# Dataset extract

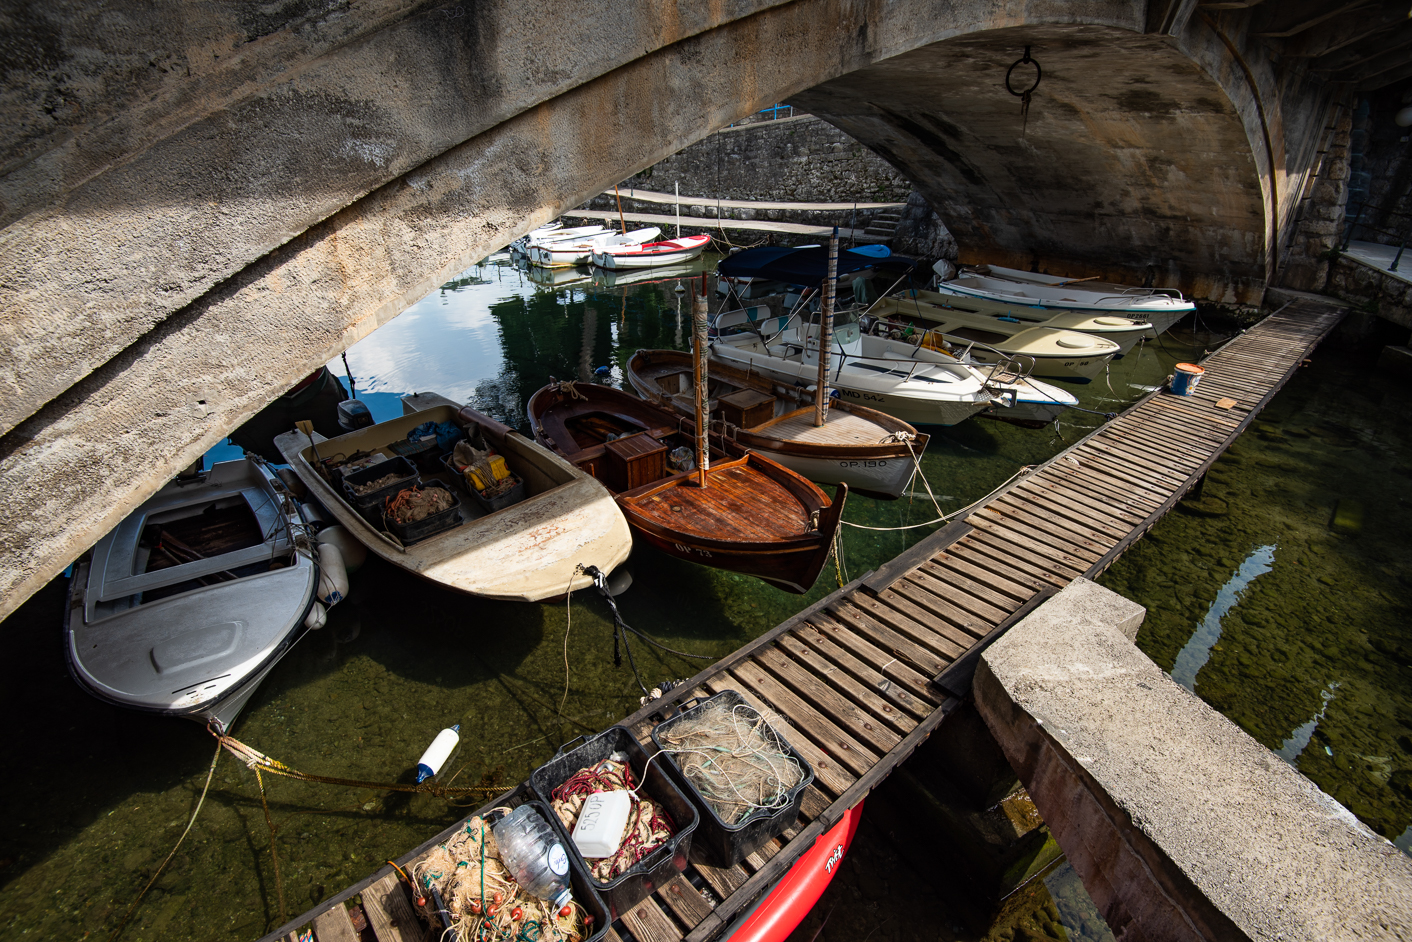 Ičići - the fisherman's boats
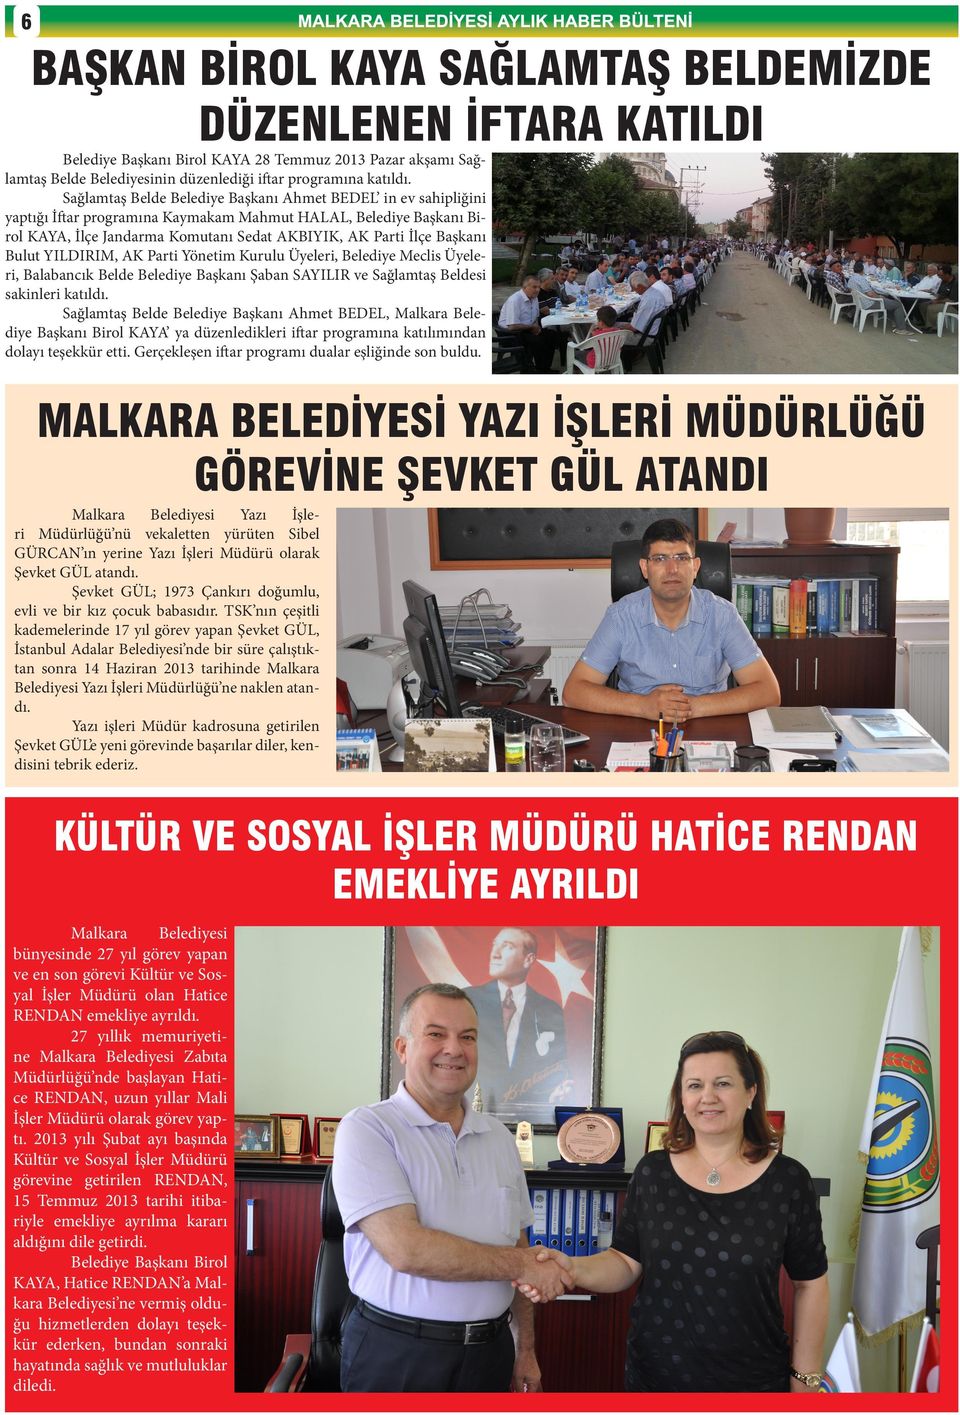 Bulut YILDIRIM, AK Parti Yönetim Kurulu Üyeleri, Belediye Meclis Üyeleri, Balabancık Belde Belediye Başkanı Şaban SAYILIR ve Sağlamtaş Beldesi sakinleri katıldı.
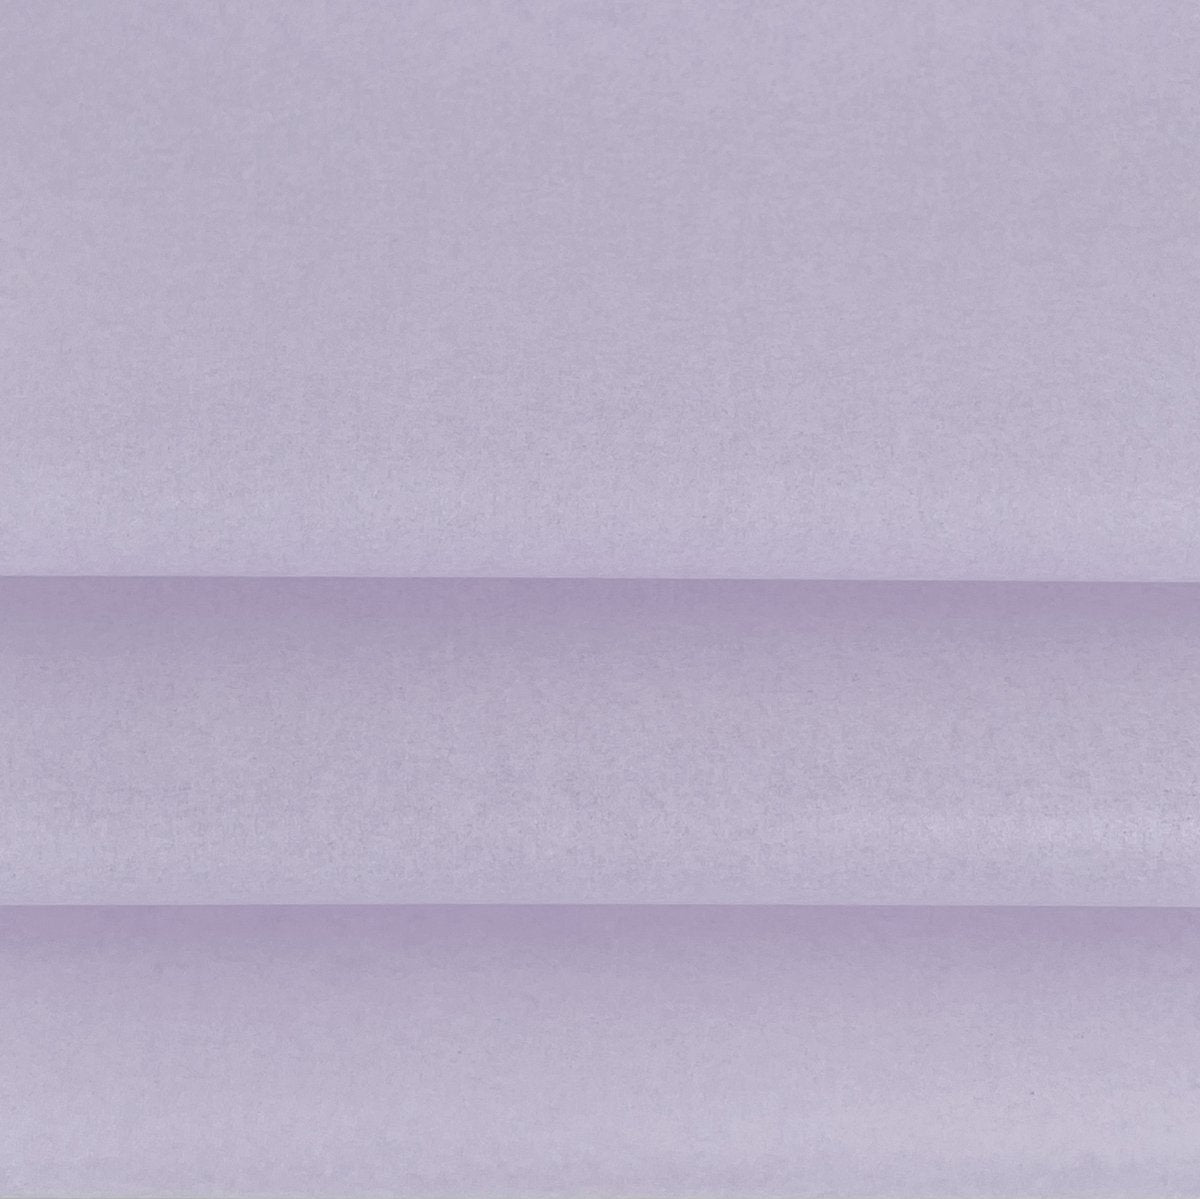 Vloeipapier kleur Paars
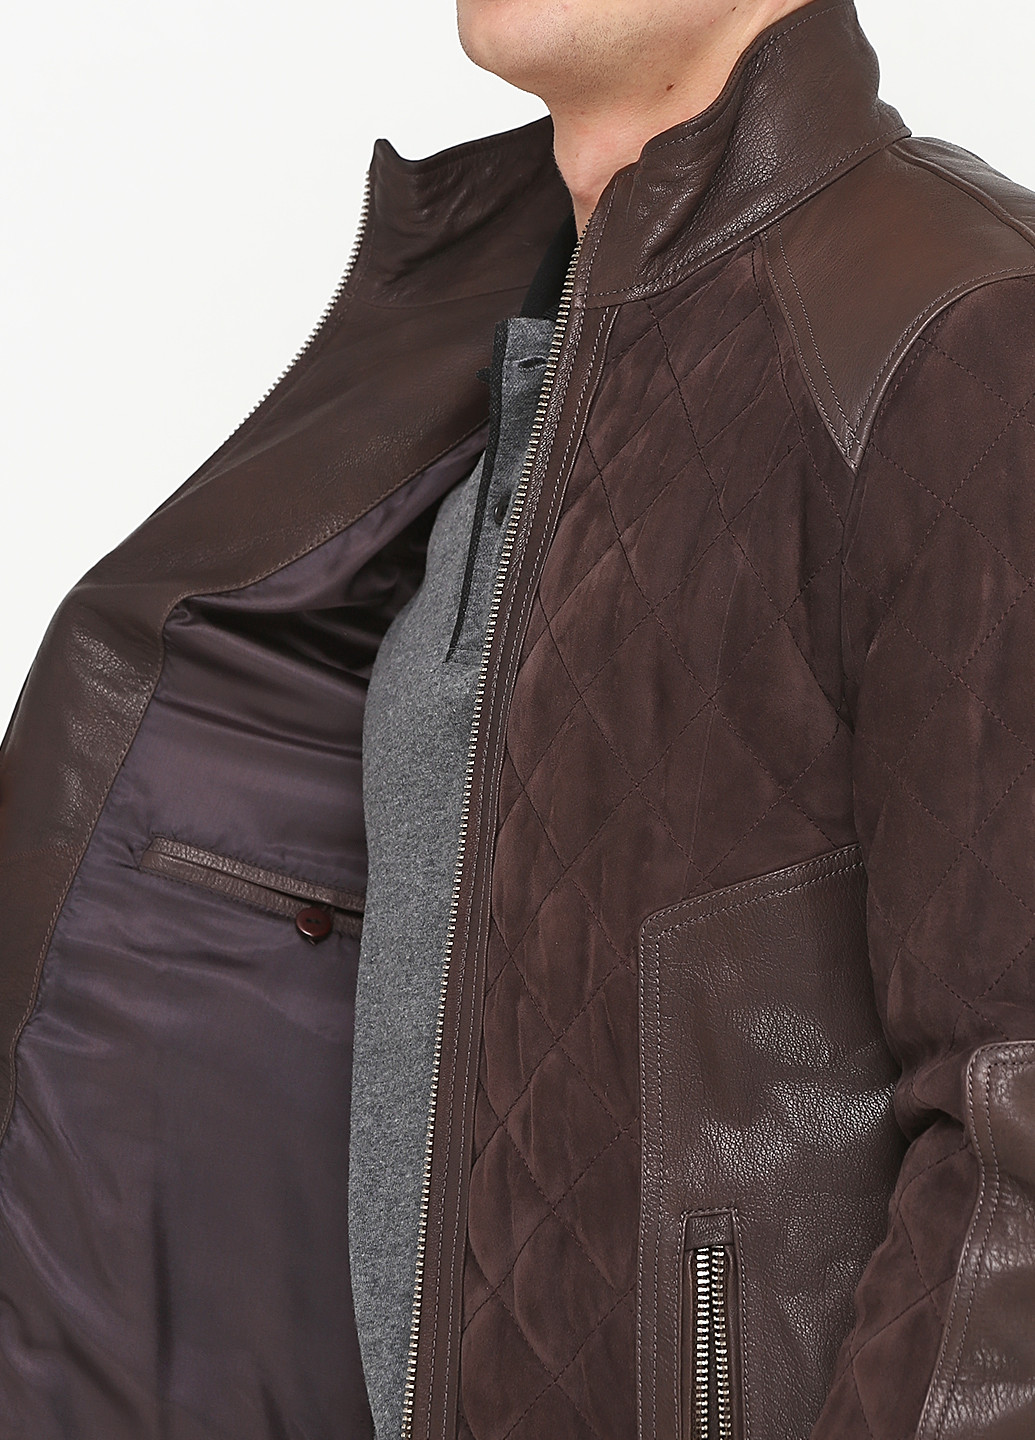 Темно-коричневая демисезонная куртка замшевая Louis Armand

# Exercise prompt
Transcribe exactly the line containing "Vloeipapier kleur Paars" and every line after it through the end of the listing above; pictures are not part of the copy.

# Answer space
 Vloeipapier kleur Paars
 Темно-коричневая демисезонная куртка замшевая Louis Armand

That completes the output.